Шрифт:
Интервал:
Закладка:
– В городах положение тоже становится все хуже и хуже. Вчера компания японских солдат напала на женщину в Претории. Когда двое полисменов попытались их остановить, они были атакованы и избиты отрядом «черноногих» во главе с офицером. Оба все еще в больнице, причем один рискует лишиться глаза. Женщина – совсем молодая девушка – естественно, в ужасном состоянии. Адмирал Хории обещал «сделать все возможное, чтобы разобраться в этом деле». – Она посмотрела на свои руки. – Я несколько раз прочитала донесения, которые ты мне дал.
В области военной разведки Ханна Брувер была подкована не хуже мужа.
– Ну и в какое положение это нас ставит? – мягко осведомился Санмартин.
– Альберт и я прошлой ночью проспорили об этом несколько часов. Наконец я сказала, чтобы он посоветовался с Антоном, и я соглашусь с любым решением, которое они примут. Не могу поверить, что Антон опасается нового мятежа.
– Тише! Я уже начинаю бояться, что и у стен есть уши.
– Этого бояться уже поздно. – Ханна посмотрела мужу в глаза. – Рауль, если мы это сделаем… сколько людей погибнет?
. – Много. Начиная с нас самих.
– О Боже!
– Но если мы этого не сделаем, может погибнуть еще больше. И снова начиная с нас. Антон опасался этого несколько лет.
Брувер отвернулась и заплакала.
– Все будет в порядке, – неловко попытался утешить ее Санмартин.
– Нет, не будет! А перед кем еще я могу поплакать? Ты ведь знаешь, что политики никогда не плачут. – Она встряхнула, мужа. – Ты говорил об этом с Хансом? Знаю, что говорил.
Санмартин нахмурился.
– Ханс был вдребезги пьян, поэтому ответил чем-то вроде стихов. Я заставил его повторить, чтобы лучше запомнить. «Век топора, век меча, век бури, век волка. Волки проглотят Солнце и Луну, земные узы треснут, и горы обвалятся. Карлики заплачут, а Игдрасил[16] задрожит. Радуга треснет под весом гигантов, и никому не удастся улететь с поля последней битвы. Солнце померкнет, звезды падут с неба, море хлынет на сушу, и пламя поглотит все». Думаю, я запомнил большую часть.
– Сегодня моему дедушке исполнилось бы шестьдесят восемь. Я стараюсь не вспоминать о его смерти, но сейчас у меня ничего не получается.
– Подавлять горе вредно для психики.
– Вы выслали пять лет назад единственного достойного психиатра, который у нас был. Остались полные идиоты.

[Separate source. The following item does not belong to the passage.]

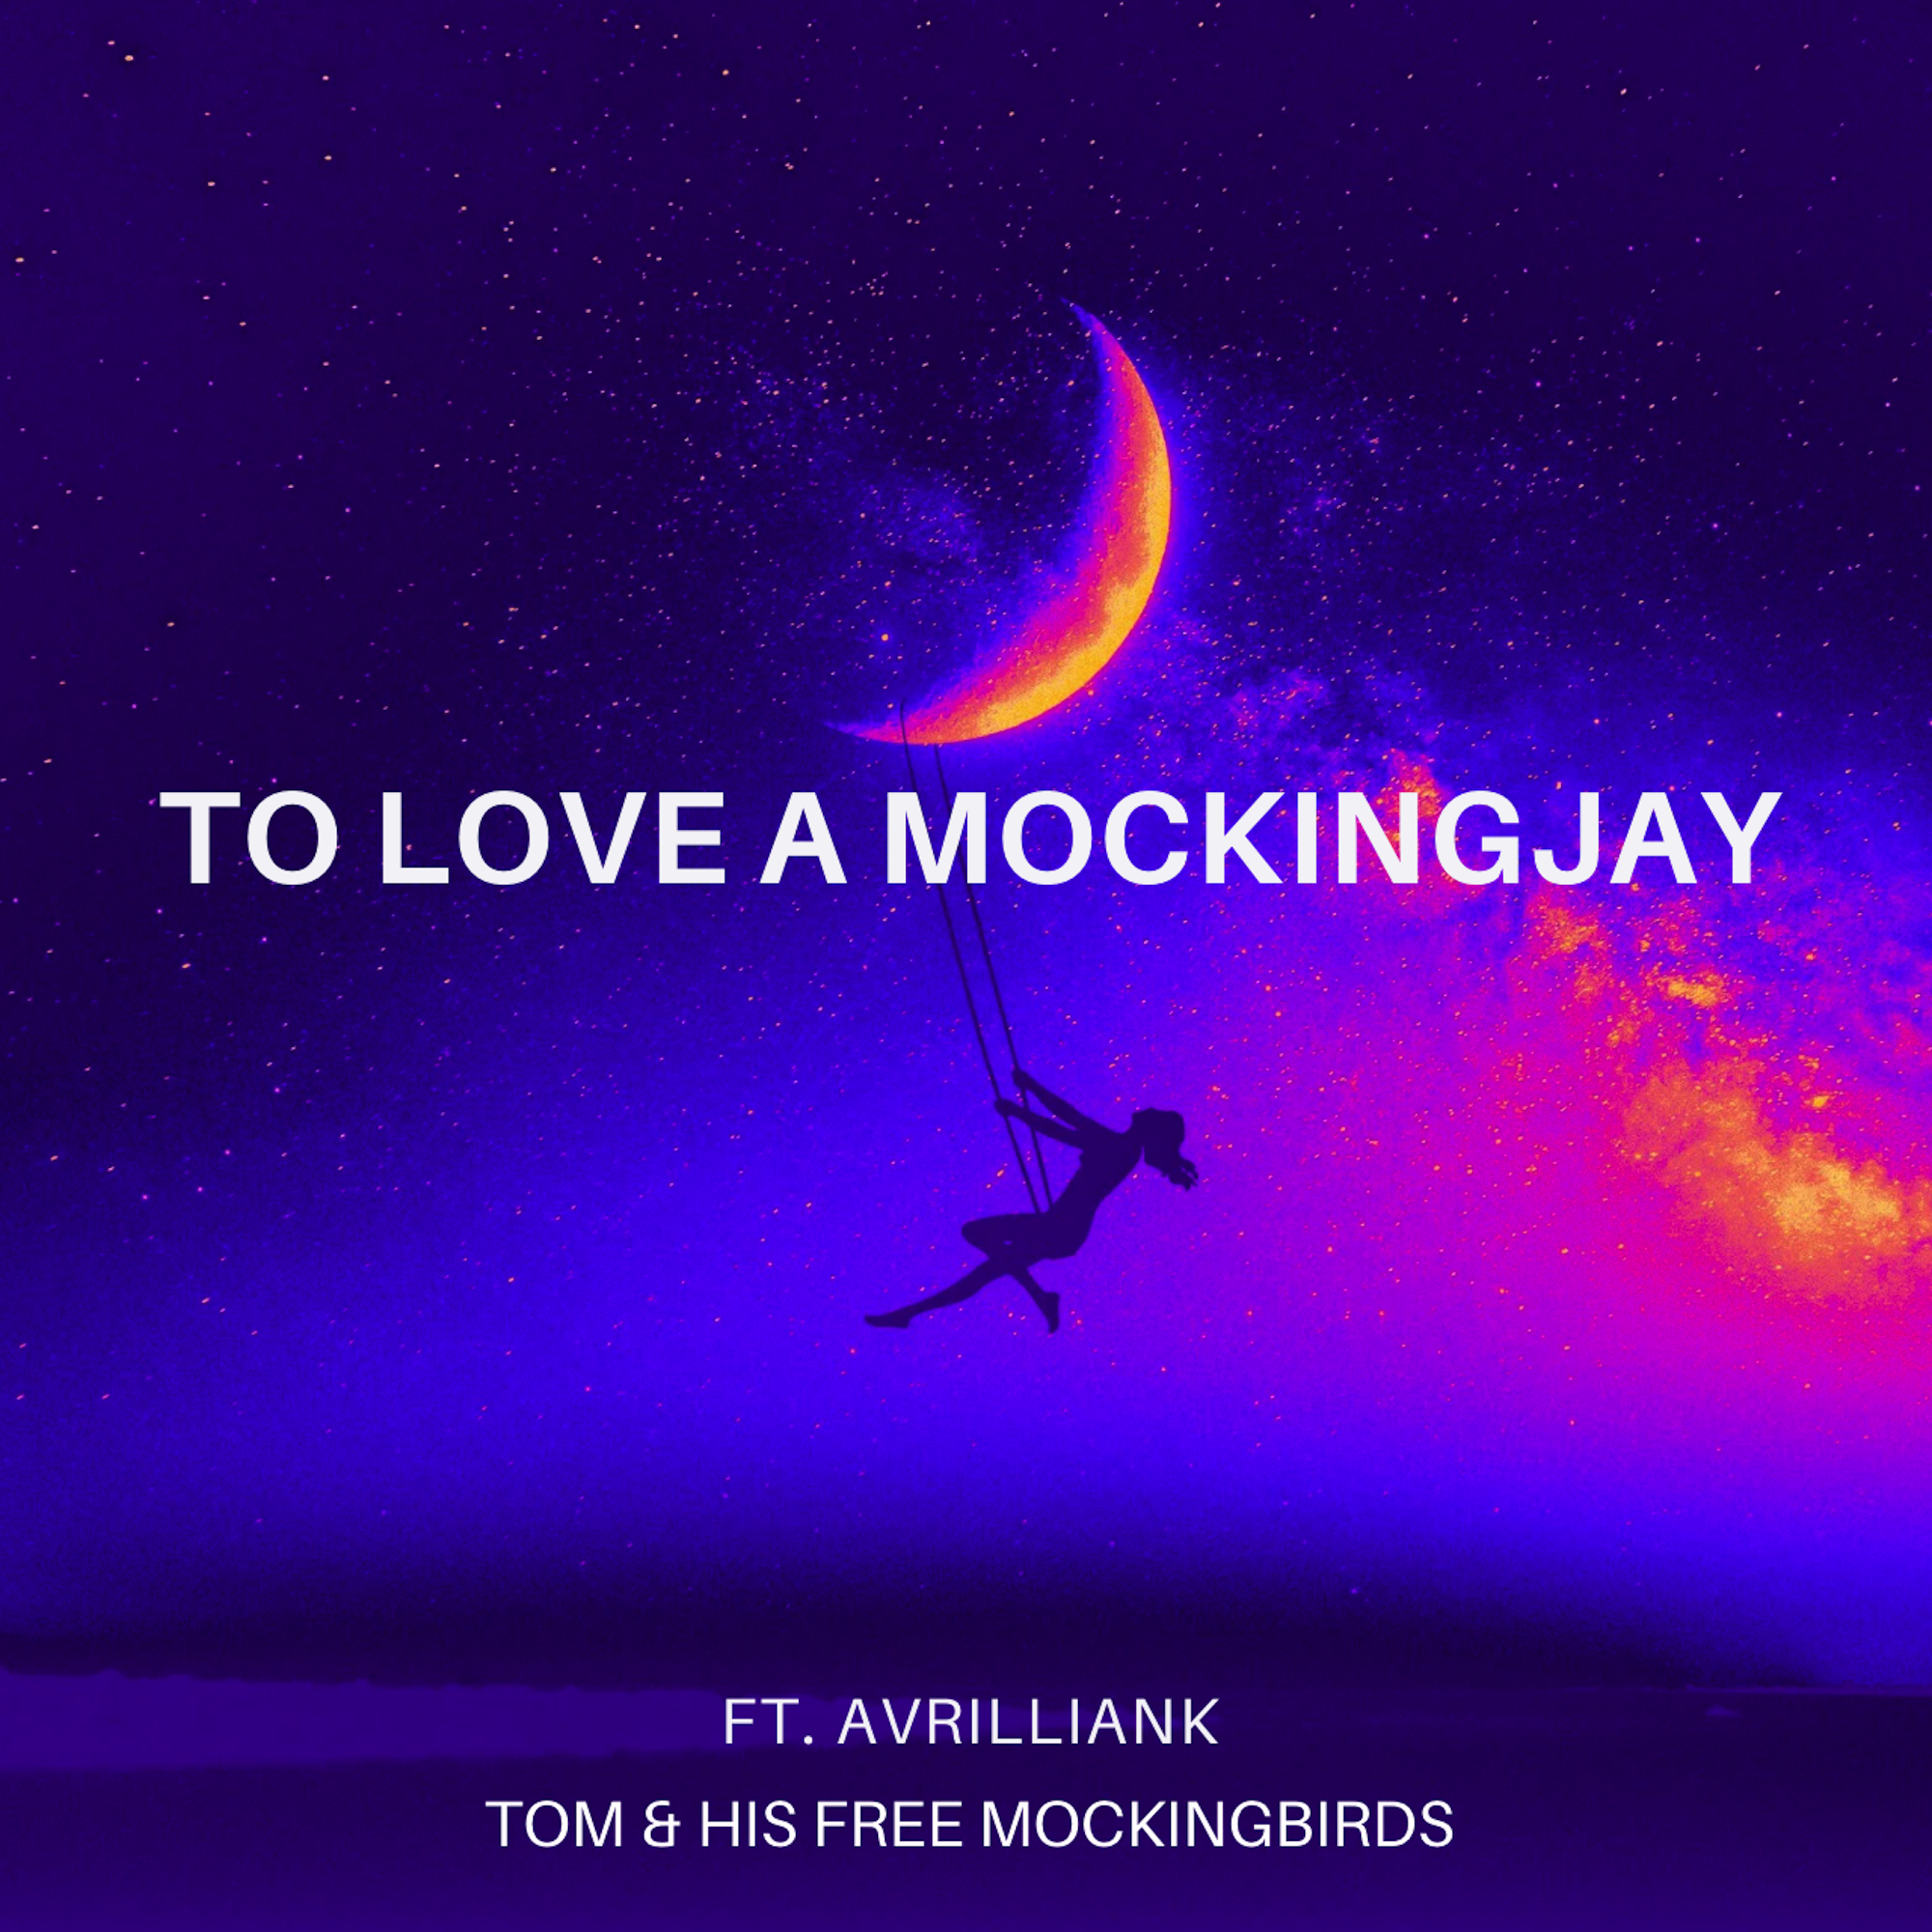 Daily Playlist Alert: ‘To Love A MockingJay’ by Tom & His Free Mockingbirds Now on Bafana FM POWERPLAY

К тому же как будет выглядеть, если мадам спикер обратится к психиатру? – Она горько усмехнулась. – Но тебе следует знать, что и ты не в лучшем состоянии. Иногда я замечаю, как ты читаешь или слушаешь песню, а по щекам у тебя текут слезы. Ты о чем-то вспоминаешь?
– Об отце и матери. Или о Руди Шееле, Ретте Ретталье, Эдмунде Мусларе и многих других. Все они умерли не своей смертью.
Брувер встала, подошла к книжной полке, взяла Библию, открыла ее и прочитала:
– «Если тебя ударят по правой щеке, подставь левую». – Она закрыла книгу. – Каждый раз, когда наш гордый и упрямый народ берется за оружие, мы страдаем из-за этого.
Услышав шаги Хендрики, Ханна вышла из комнаты, оставив мужа в глубоком раздумье.
Воскресенье (314)
– Итак, дружище, я просмотрел бумаги, которые ты мне прислал, и долго размышлял о сути того, что в них написано, – смущенно сказал Бейерс.
– Ну и? – осведомился Верещагин.
– Антон, у меня, как и у тебя, есть свои источники информации. Ночью, когда люди Мацудаиры навеселе, они не обращают внимания на тех, кто их обслуживает. Они говорили о списках.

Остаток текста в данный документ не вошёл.